--- START ---

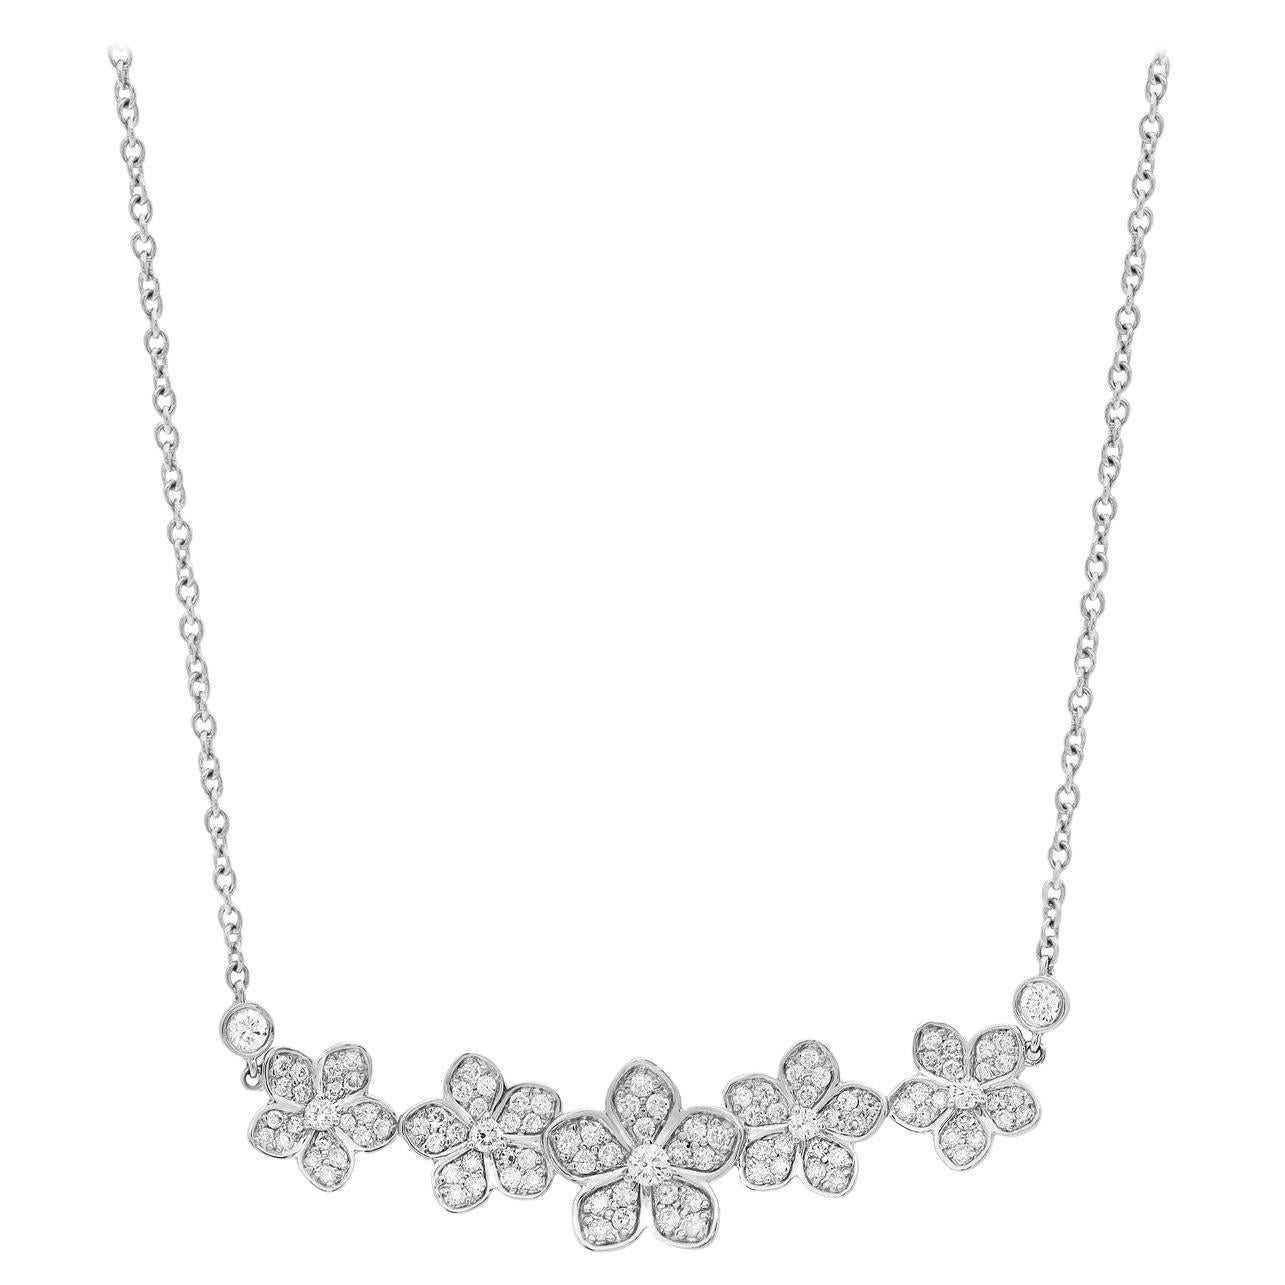 0.87 Carat Diamond Bar Pendant Necklace in 18K White Gold
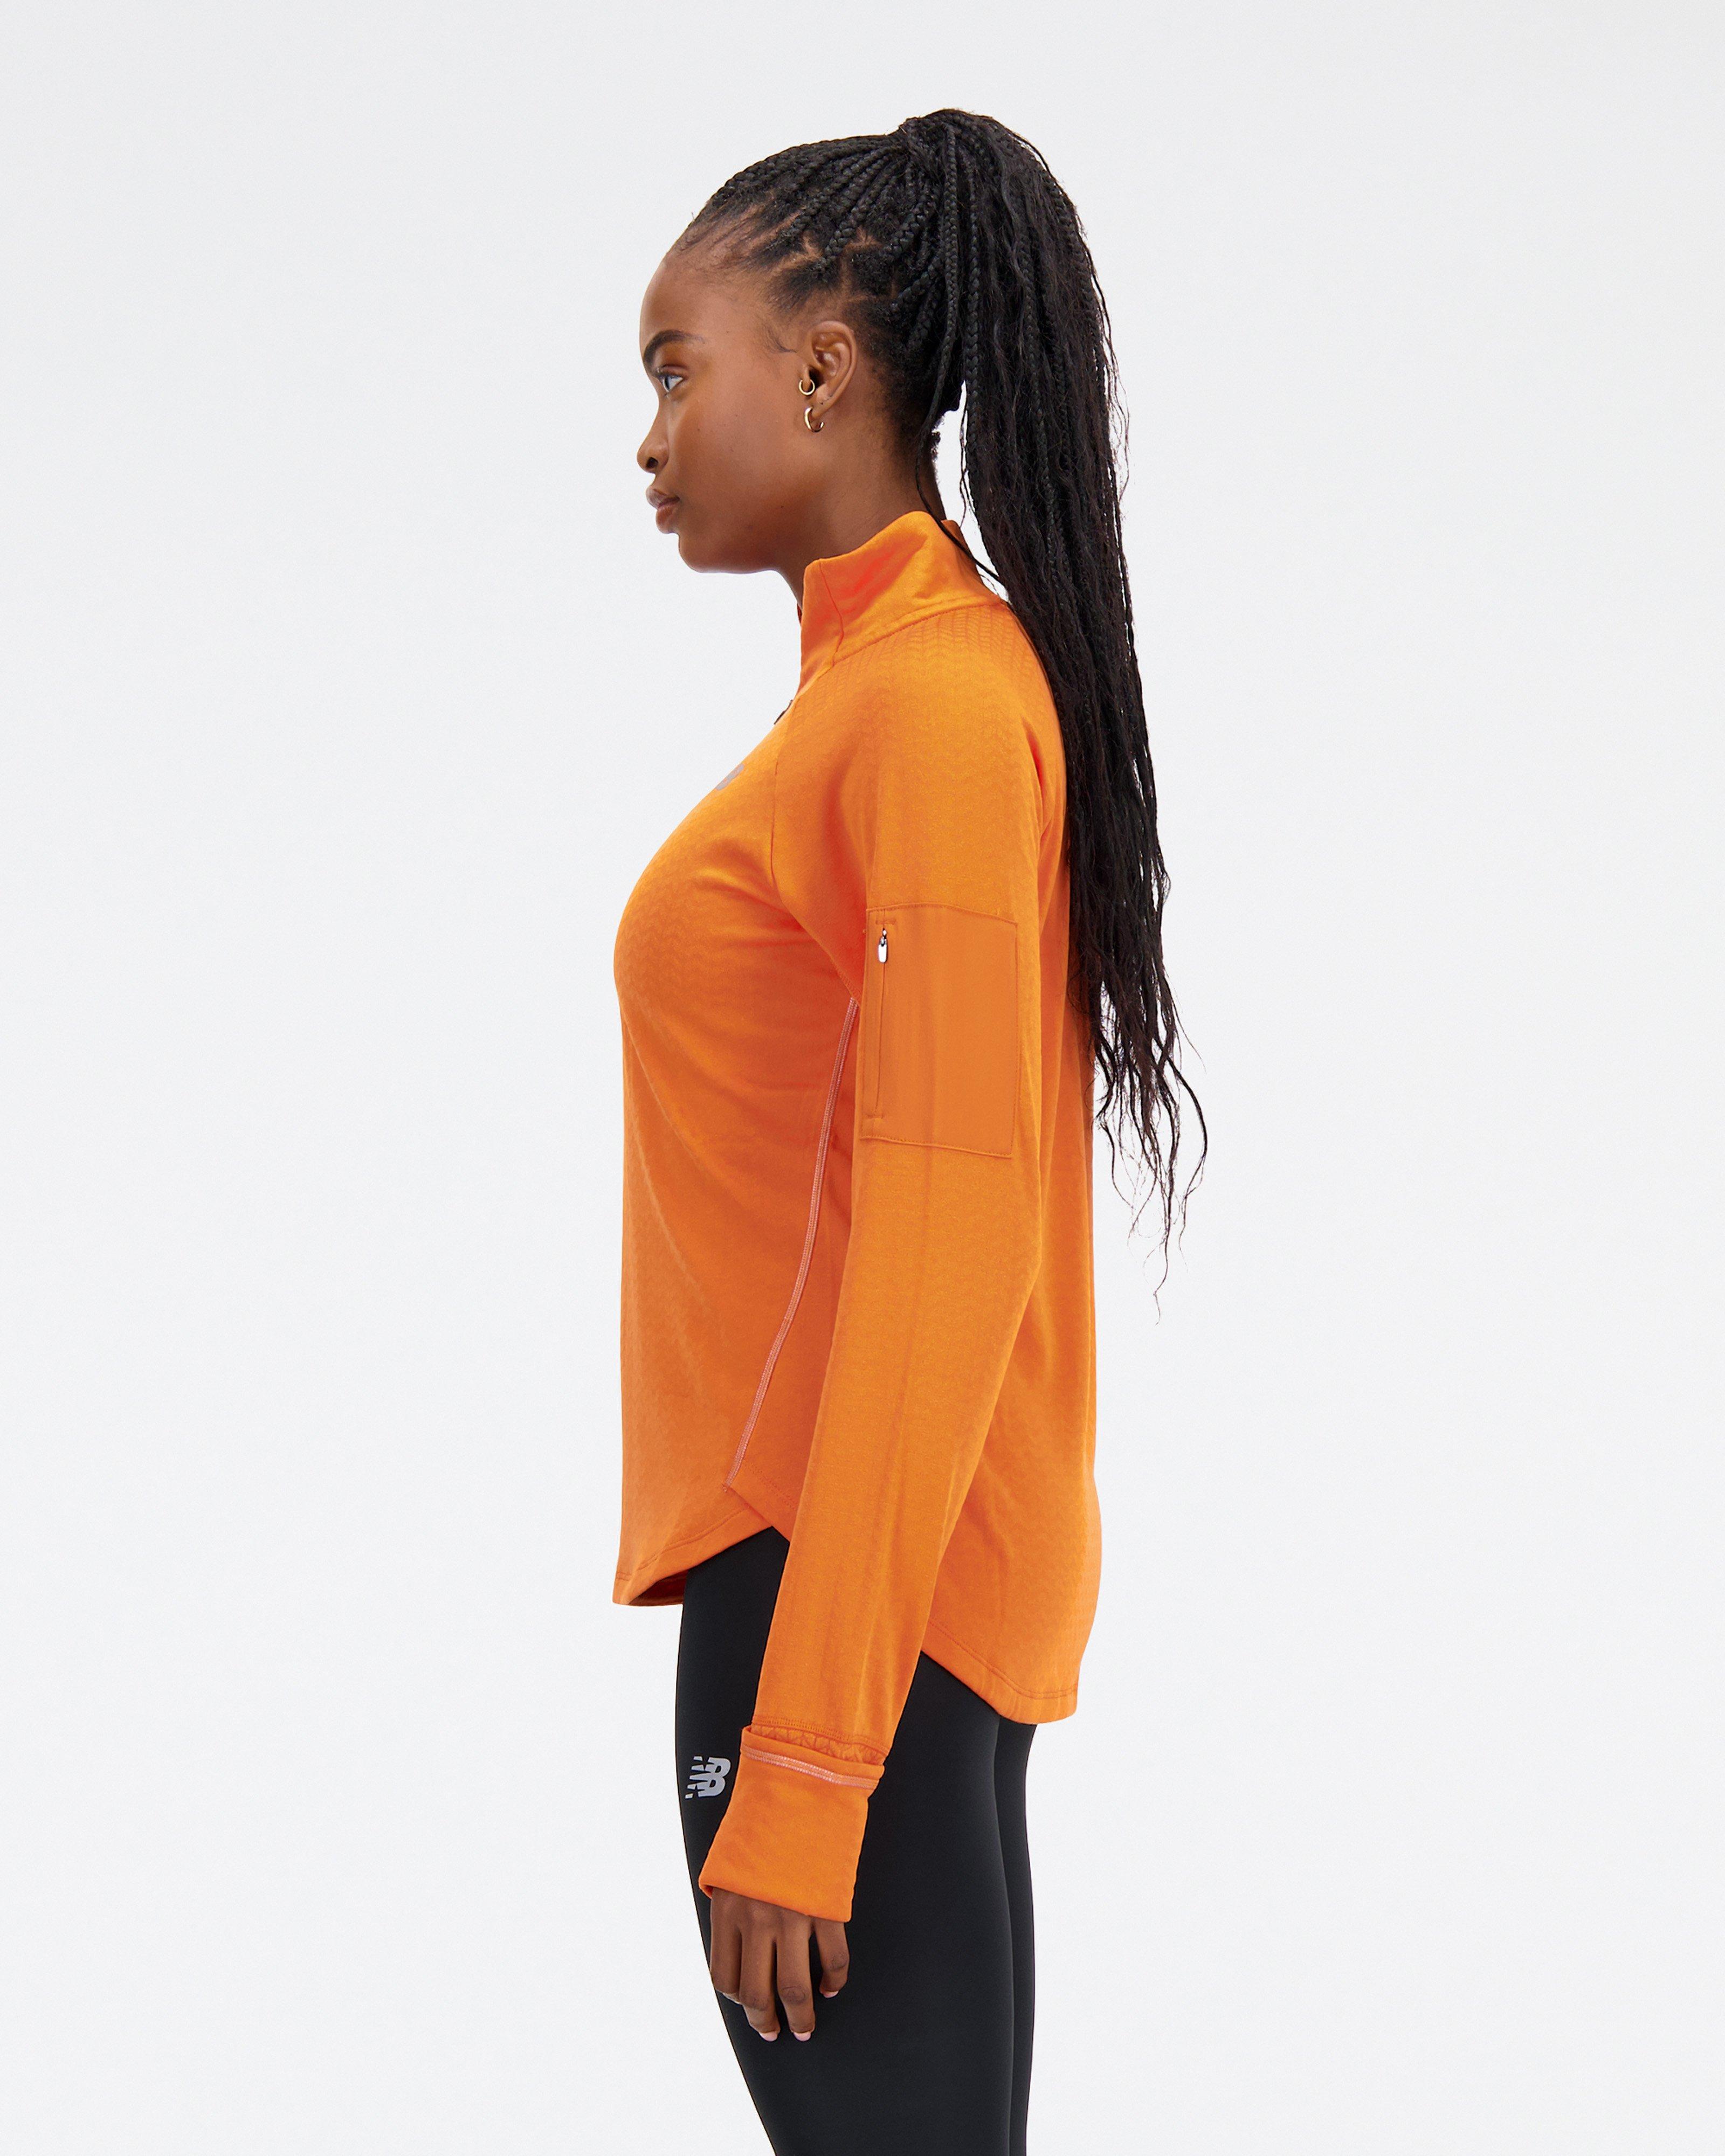 New Balance Women’s Impact Run ¼ Zip Top -  Orange
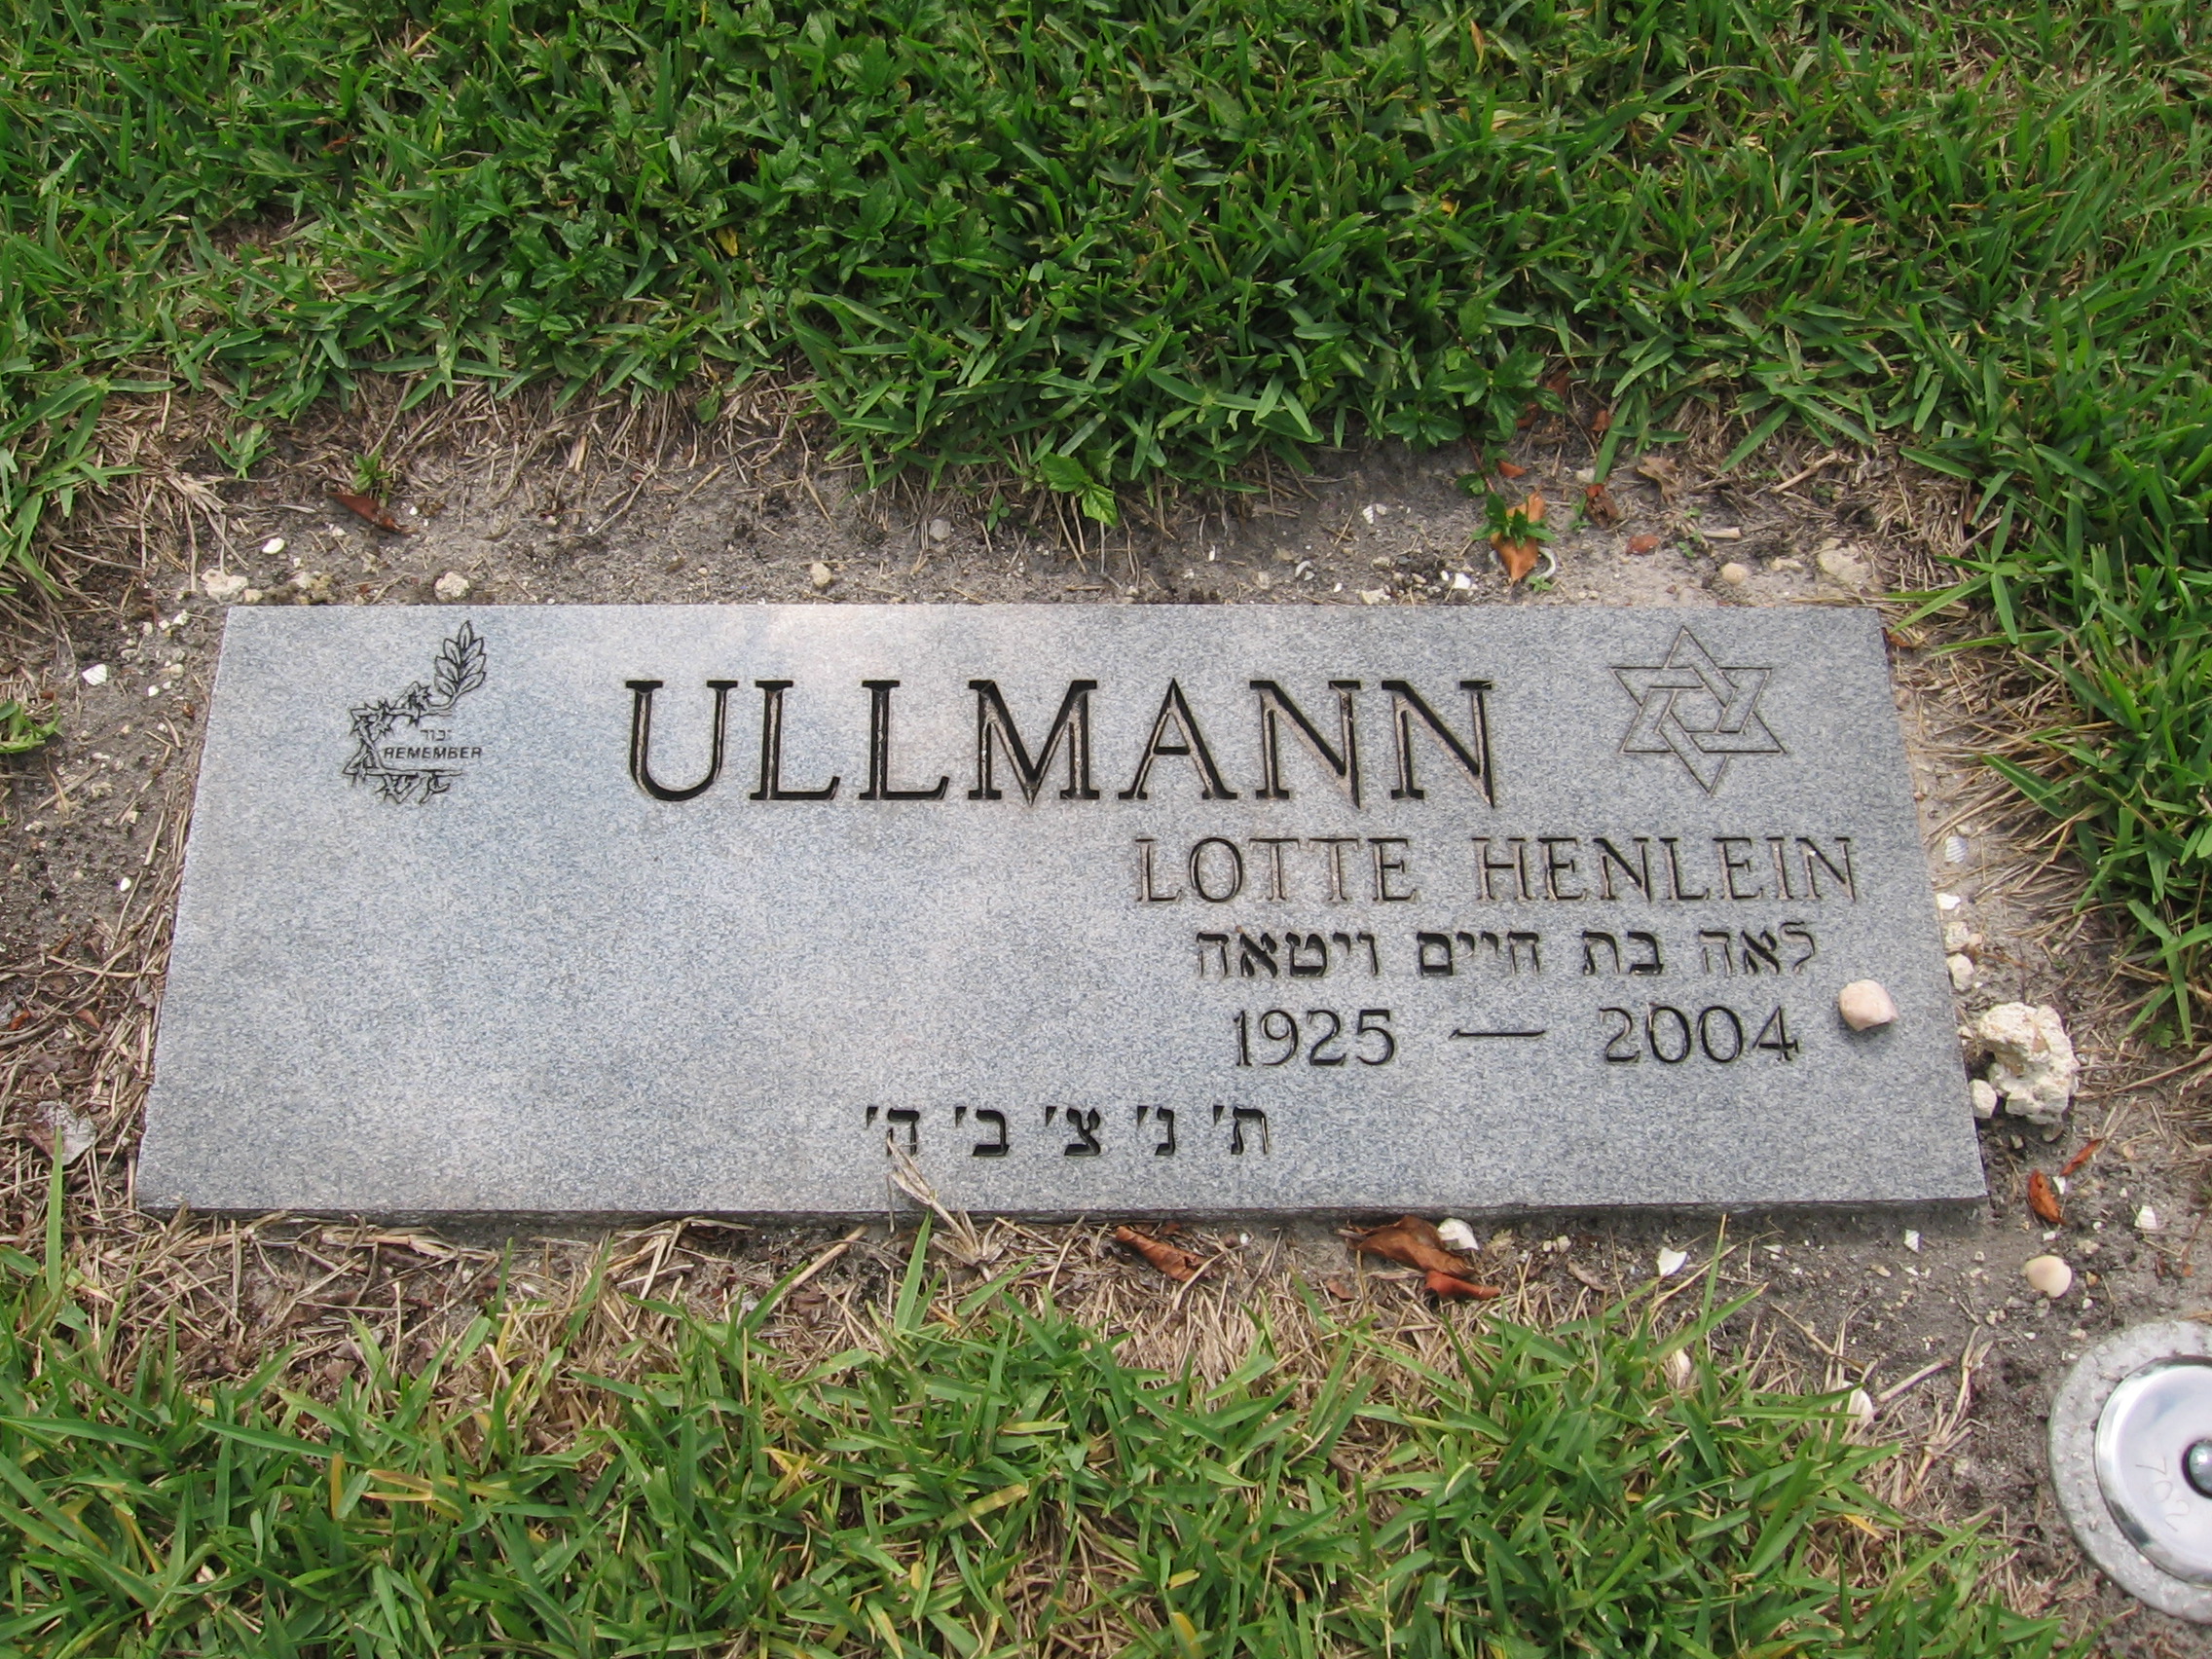 Lottie Henlein Ullmann

--- END ---

-- ASSIGNMENT --
The required output is every line from the one containing "New Balance Women’s" through the last line of the data above, restated exactly and without pictures.

-- WRITTEN ANSWER --
 New Balance Women’s Impact Run ¼ Zip Top -  Orange
 Lottie Henlein Ullmann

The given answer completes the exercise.